男がウーネルの考えていた通りに、言葉を紡ぐ。
「冒険者ギルドは『ダンジョン保有率』がギルド同士の力関係を示している。
現在、BM、燕之涙、緋刃南、タケミコの四つのギルドがその他のギルドと比べ、群を抜いて『ダンジョン保有率』が高い。
この工場の管理監督官の一人である、カルパル・デュオを始めとする研究員たちは、この試運転の後、『人工ダンジョン』の大量生産に踏み込み、ギルドに売るつもりだったのだろう。

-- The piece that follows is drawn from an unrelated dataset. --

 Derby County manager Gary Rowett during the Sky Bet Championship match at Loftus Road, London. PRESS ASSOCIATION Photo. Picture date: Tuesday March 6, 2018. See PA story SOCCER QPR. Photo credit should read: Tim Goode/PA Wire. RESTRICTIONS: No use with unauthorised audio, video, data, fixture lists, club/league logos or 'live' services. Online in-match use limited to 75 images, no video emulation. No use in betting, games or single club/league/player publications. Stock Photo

そうすれば、ギルド同士の戦争に発展し、メリルの薬品も大量に売れる。
まさに、一石二鳥だ」
山羊の男は呆れて溜息をつく。
「それがどうだっていうんだ? 商売は儲けて何ぼだろ」
「物事の表面しか捉えれないのだな。まあ、そのような愚かさも冒険者には必要な素質なのだろう」
山羊の男は失笑する。
「分からないのだろう。
既にこの世界は破綻している。
半端な恩恵を持つものがその力を振るい、絶望という結末を与える。
過ぎた技術が与えるのは何も人類の進歩だけではない。人の手に余る技術は暴走し、やがて独り歩きしていく」
山羊の男は構える。男の拳からは紫電が奔る。
山羊の男の魔法は『制御魔法』。魔法で物を浮かせるにも破壊させるにも、行使する際には威力・効力に沿った魔力技術が必要になる。男は魔力の制御に特化し、その技術力をさらに魔法で強化することで人間以上の力を扱うことを可能にした。

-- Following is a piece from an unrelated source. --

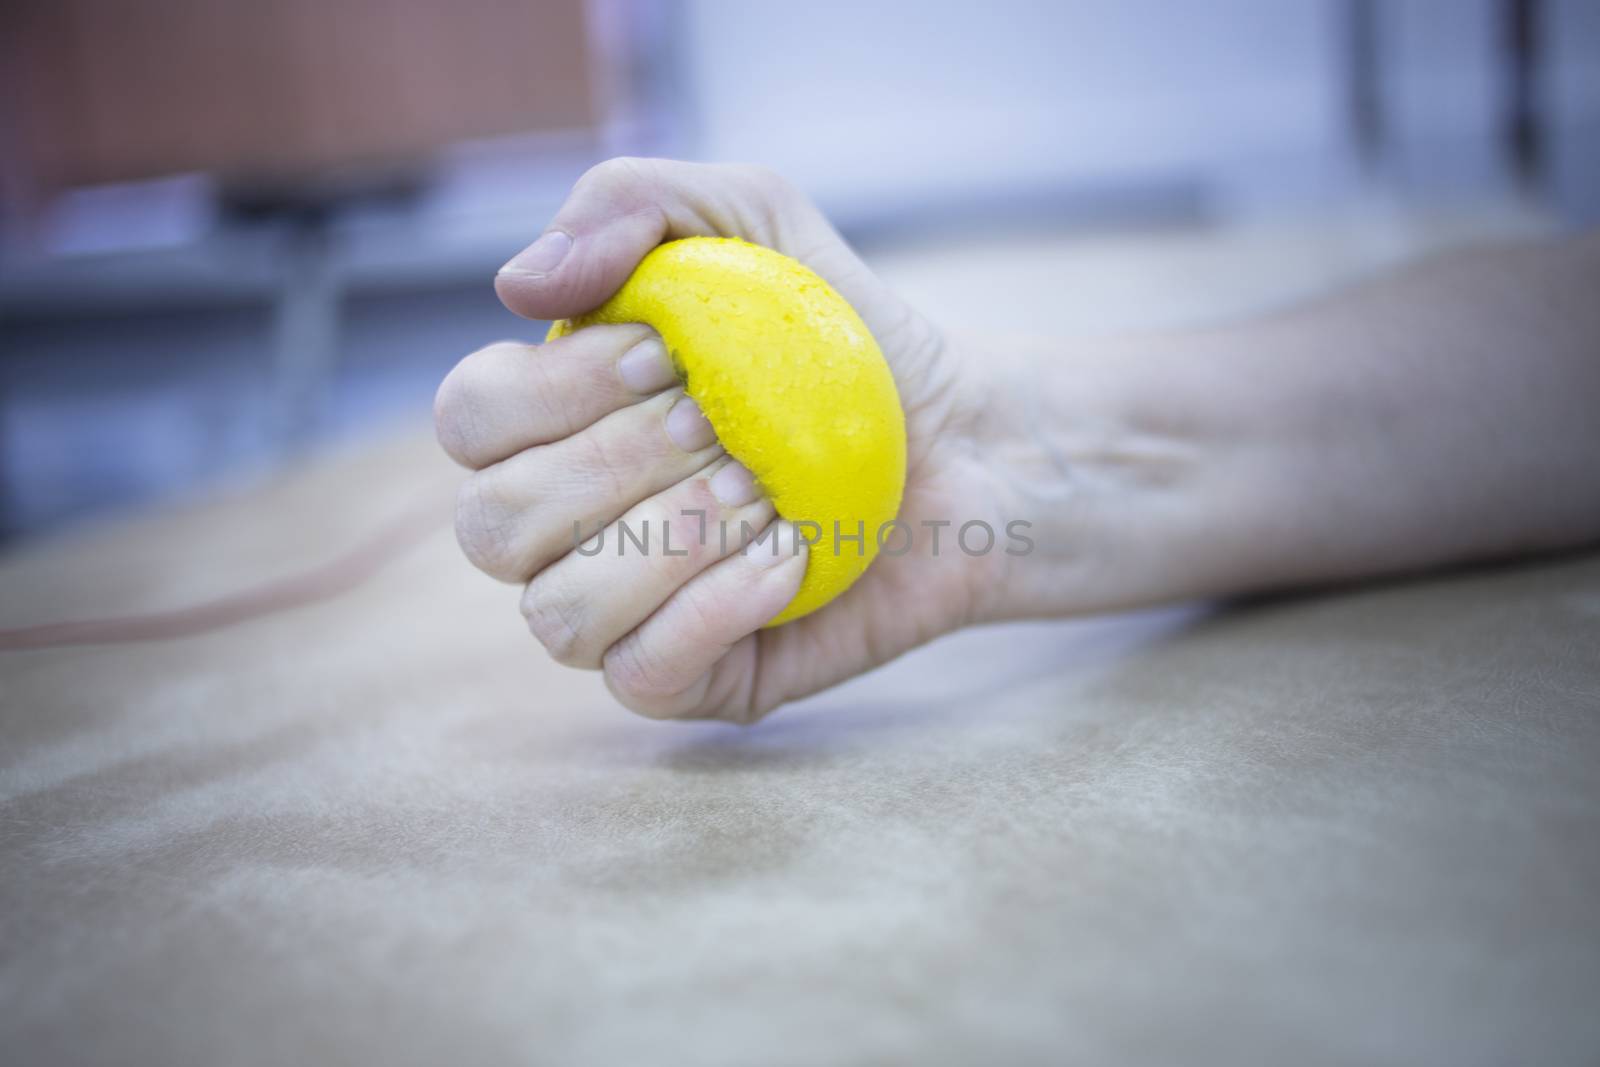 Patient hand squeezing physiotherapy ball by edwardolive

魔法による魔力の技術力向上。その技術の伴った魔力は血管・神経まで効果を及ぼし、内蔵された魔力が行使者に顕在する。
男の『制御魔法』により強化され、紫電する拳がウーネルに襲う。
しかし。
「があぁ!!」
ウーネルの大剣は紫電する男の拳をもろともせずに、斬撃を与えた。
その余りにも強大な一撃に、山羊の男は何も言えずに陥落した。
「てめえの言ってることはなんとなく分かった。
だがな、俺たち冒険者は破滅的ともいえる状況を幾つも乗り越えてきた」
ドサッ、と音を立てて倒れた山羊の男を一瞥する。
「大体人間は、一つや二つ不幸があったほうが幸せなんだよ」
冒険者根性からの気合の一撃により侵入者一名撃破。
メリル工場侵入者、現在確認数、2名。
1名撃破、及び1名確認不能。
ところで、翡翠の少女の服は海軍の黒軍服(染めた)ものですが、その正体はかなら見地されているものです。
予想するのも面白いかもしれません。